Cojo y viajando por la red he descubierto a un monstruo que duerme con los ojos abiertos y responde cuando le llamas ‘algoritmo’. Todos los cohetes que lanzamos cuando descubrimos internet ahora nos están chamuscando al descubrir que desde sus carcasas se han hecho amos y señores del espacio y sus nubes, que nos controlan y nos incomunican.

Le he dicho a Cachopan que el próximo día que ponga el móvil encima de la barra, este se va (sin pagar, aunque esto último no le ha sorprendido), que no venga con urgencias ni sepelios; con mi otro yo (o sea Domingo) he tenido trifulca porque dice que él es un profesional y tiene que estar al loro, así que le voy a regalar un guacamayo que es más grande, habla lo mismo y, encima, tiene los colores del Aletí.
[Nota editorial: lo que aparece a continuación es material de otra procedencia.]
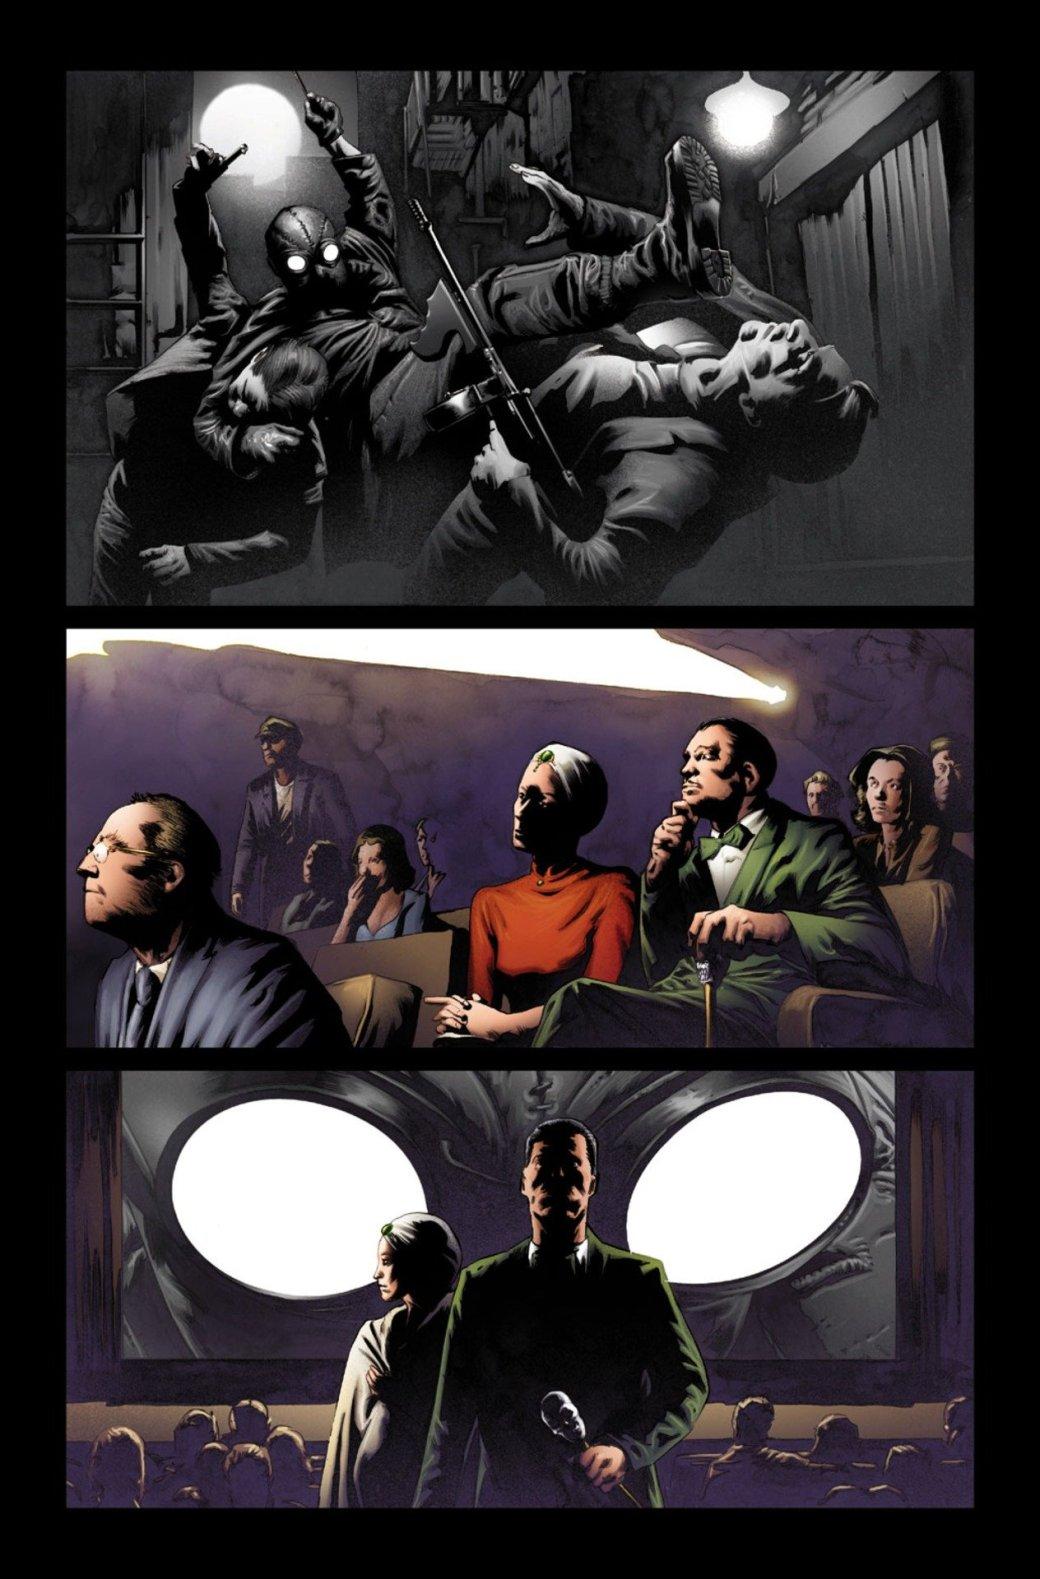 Легендарные комиксы про Человека-паука, которые стоит прочесть. Часть 2. - Изображение 6

Lo peor es que esta dependencia de internet ya no tiene marcha atrás, si no tienes móvil eres un tipo asocial, te has perdido en una tribu amazónica o te has hecho menonita (amish para quienes ven películas).

El otro día ojeando este periódico me saltó publicidad de hoteles en Fátima y la ruta más rápida para llegar a Nazaré y subir en su elevador... ¡Coño, si es lo que busqué hace un mes! Este algoritmo me tiene fichado, sabe lo que me gusta, seguro que a uno de Podemos no le remite la misma información, conoce que vivo en la barriada con más ratas de Mérida, que tengo vecinos médicos, juego a los cupones y me quedan tres recibos de la hipoteca. ¿Cómo lo adivinan? Ya me he enterado: por el algoritmo. Suavemente me atraen con sus datos mientras yo, como un gili, siento su tecla fría que letra a letra me ofrece resultados, me conecta solo a quienes piensan similar y me entretiene con noticias falsas. Harto ya de estar harto, en el servidor pedí explicaciones. Respuesta: Ja, ja. Y, además, ¡ji!, ¡ji!